(Exercise details): Return, word for word, the lines of the listing below from the one with "Lilac Seductive push-up" through the one with "スキマスイッチ - Lovin'", and no other lines.

(The data):
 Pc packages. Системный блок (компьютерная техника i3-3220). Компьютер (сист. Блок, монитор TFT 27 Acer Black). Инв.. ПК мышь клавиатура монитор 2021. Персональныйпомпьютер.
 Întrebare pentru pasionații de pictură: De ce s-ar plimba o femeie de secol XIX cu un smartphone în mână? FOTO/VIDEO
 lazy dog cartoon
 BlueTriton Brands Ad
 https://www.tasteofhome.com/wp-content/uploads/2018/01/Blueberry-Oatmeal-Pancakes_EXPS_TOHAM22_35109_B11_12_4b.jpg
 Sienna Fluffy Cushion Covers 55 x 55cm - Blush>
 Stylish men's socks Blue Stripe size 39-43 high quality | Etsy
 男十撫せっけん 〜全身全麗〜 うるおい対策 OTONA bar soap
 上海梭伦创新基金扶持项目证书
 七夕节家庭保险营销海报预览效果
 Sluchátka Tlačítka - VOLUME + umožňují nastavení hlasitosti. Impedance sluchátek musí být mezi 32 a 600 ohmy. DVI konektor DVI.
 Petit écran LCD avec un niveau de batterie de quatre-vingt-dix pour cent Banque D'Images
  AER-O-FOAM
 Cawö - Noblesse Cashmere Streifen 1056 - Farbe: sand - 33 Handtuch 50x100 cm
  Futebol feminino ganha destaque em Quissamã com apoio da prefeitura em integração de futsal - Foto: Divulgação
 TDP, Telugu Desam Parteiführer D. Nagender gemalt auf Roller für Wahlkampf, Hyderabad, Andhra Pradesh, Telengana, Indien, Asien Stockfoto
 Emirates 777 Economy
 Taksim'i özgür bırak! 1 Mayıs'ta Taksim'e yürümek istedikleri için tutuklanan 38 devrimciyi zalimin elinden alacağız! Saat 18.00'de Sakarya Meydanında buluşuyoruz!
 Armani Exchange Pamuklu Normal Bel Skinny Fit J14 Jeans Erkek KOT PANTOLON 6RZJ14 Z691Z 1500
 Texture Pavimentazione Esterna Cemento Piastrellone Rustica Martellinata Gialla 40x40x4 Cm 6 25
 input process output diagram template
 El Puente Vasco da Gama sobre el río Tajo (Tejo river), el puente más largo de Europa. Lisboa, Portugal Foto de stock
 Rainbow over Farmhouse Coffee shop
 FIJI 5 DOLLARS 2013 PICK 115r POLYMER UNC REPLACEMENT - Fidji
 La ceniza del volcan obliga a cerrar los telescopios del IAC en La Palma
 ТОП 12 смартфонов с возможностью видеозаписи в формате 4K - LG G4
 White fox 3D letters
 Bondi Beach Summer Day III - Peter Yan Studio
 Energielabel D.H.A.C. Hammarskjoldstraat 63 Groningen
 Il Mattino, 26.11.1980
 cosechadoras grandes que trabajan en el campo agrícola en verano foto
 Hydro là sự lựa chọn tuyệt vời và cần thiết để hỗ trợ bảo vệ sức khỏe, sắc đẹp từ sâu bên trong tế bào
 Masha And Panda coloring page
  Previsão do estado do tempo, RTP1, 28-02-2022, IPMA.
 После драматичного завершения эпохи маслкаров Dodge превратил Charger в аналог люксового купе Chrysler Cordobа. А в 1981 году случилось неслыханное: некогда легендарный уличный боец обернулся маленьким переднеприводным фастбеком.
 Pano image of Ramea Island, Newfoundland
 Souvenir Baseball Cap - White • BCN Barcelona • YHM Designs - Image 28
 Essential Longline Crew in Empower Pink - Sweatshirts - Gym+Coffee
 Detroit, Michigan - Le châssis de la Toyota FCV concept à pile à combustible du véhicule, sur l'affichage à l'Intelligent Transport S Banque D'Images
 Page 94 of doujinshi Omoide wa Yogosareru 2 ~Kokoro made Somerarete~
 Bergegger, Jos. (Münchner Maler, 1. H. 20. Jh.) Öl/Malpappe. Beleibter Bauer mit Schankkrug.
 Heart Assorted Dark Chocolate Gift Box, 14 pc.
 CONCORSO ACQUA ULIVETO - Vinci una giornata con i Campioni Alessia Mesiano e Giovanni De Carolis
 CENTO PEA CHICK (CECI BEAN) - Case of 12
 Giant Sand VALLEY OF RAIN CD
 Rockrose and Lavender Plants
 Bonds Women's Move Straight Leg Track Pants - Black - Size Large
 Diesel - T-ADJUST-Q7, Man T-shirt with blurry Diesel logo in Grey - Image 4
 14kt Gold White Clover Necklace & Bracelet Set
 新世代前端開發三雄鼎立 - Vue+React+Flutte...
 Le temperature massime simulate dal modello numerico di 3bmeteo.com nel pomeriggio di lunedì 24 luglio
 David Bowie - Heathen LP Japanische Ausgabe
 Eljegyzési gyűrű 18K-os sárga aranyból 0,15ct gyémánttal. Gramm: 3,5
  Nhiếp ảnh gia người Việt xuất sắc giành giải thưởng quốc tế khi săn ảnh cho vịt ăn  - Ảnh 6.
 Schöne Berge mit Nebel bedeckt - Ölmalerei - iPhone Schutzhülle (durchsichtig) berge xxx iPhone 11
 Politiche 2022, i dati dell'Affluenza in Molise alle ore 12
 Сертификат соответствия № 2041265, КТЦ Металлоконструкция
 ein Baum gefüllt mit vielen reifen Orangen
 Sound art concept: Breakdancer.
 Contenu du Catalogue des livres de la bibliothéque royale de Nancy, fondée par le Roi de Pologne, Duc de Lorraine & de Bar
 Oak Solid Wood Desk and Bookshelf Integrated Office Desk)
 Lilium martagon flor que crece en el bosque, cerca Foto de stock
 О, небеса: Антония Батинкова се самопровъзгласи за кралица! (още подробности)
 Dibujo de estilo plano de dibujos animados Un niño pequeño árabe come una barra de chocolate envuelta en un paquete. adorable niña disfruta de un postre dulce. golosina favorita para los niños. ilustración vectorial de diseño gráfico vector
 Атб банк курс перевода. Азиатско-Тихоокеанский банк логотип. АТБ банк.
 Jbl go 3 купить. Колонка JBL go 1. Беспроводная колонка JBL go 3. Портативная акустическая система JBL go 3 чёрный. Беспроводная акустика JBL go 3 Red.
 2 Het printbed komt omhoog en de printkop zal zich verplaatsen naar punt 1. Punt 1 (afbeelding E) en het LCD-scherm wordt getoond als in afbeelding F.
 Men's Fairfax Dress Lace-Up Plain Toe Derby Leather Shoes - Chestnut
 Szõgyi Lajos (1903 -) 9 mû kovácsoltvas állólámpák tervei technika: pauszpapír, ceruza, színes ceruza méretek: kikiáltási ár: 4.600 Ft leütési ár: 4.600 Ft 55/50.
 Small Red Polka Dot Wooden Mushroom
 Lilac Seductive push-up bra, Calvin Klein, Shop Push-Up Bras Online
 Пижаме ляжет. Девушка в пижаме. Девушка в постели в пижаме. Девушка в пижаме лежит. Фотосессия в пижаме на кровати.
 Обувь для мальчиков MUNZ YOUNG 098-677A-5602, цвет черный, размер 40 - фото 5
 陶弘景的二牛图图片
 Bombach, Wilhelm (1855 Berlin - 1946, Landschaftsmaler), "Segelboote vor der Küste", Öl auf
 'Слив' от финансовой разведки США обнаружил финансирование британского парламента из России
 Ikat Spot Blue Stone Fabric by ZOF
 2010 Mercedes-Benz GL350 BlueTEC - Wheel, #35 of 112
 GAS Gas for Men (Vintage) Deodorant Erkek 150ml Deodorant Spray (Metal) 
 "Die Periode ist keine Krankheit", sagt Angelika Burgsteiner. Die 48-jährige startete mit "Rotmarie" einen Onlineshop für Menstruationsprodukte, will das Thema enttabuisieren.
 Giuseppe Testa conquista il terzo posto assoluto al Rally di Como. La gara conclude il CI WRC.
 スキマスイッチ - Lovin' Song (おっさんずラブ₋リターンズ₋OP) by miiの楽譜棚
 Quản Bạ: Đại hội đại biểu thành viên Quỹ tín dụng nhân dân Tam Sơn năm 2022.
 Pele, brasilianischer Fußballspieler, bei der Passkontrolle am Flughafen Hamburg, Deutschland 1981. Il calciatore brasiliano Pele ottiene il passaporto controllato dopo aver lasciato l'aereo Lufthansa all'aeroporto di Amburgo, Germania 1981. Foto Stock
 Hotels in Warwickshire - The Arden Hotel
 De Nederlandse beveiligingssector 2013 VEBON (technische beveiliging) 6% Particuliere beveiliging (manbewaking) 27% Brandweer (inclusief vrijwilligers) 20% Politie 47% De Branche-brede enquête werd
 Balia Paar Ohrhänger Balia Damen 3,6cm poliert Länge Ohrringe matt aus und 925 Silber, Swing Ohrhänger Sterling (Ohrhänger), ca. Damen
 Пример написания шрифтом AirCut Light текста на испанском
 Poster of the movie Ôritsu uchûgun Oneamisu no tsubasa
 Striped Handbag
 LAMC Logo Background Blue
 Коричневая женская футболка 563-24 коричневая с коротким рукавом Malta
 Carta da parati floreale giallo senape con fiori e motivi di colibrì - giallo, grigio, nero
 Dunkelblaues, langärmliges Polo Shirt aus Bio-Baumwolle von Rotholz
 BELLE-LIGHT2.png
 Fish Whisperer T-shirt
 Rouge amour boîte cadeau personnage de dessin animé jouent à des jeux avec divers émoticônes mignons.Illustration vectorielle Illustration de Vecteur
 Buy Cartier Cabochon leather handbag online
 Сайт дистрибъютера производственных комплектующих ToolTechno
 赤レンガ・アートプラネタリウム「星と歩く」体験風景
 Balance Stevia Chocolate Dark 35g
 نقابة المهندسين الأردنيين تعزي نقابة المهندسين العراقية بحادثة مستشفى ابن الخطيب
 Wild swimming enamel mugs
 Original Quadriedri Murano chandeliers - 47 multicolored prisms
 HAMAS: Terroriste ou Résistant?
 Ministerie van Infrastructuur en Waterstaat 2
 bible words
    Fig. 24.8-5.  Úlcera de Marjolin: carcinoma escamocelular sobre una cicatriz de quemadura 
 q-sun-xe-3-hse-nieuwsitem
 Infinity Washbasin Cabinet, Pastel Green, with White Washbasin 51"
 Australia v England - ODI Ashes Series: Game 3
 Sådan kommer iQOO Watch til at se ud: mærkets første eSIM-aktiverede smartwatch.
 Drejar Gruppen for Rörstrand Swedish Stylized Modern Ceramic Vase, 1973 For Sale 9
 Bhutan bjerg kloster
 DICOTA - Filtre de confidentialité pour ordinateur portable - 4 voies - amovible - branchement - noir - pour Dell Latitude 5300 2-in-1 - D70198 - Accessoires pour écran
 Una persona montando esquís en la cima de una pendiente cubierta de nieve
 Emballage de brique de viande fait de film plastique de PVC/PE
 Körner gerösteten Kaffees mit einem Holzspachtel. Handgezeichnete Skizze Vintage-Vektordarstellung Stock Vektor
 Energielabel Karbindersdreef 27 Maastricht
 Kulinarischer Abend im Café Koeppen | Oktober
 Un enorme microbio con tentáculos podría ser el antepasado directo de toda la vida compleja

(Reply):
 Lilac Seductive push-up bra, Calvin Klein, Shop Push-Up Bras Online
 Пижаме ляжет. Девушка в пижаме. Девушка в постели в пижаме. Девушка в пижаме лежит. Фотосессия в пижаме на кровати.
 Обувь для мальчиков MUNZ YOUNG 098-677A-5602, цвет черный, размер 40 - фото 5
 陶弘景的二牛图图片
 Bombach, Wilhelm (1855 Berlin - 1946, Landschaftsmaler), "Segelboote vor der Küste", Öl auf
 'Слив' от финансовой разведки США обнаружил финансирование британского парламента из России
 Ikat Spot Blue Stone Fabric by ZOF
 2010 Mercedes-Benz GL350 BlueTEC - Wheel, #35 of 112
 GAS Gas for Men (Vintage) Deodorant Erkek 150ml Deodorant Spray (Metal) 
 "Die Periode ist keine Krankheit", sagt Angelika Burgsteiner. Die 48-jährige startete mit "Rotmarie" einen Onlineshop für Menstruationsprodukte, will das Thema enttabuisieren.
 Giuseppe Testa conquista il terzo posto assoluto al Rally di Como. La gara conclude il CI WRC.
 スキマスイッチ - Lovin' Song (おっさんずラブ₋リターンズ₋OP) by miiの楽譜棚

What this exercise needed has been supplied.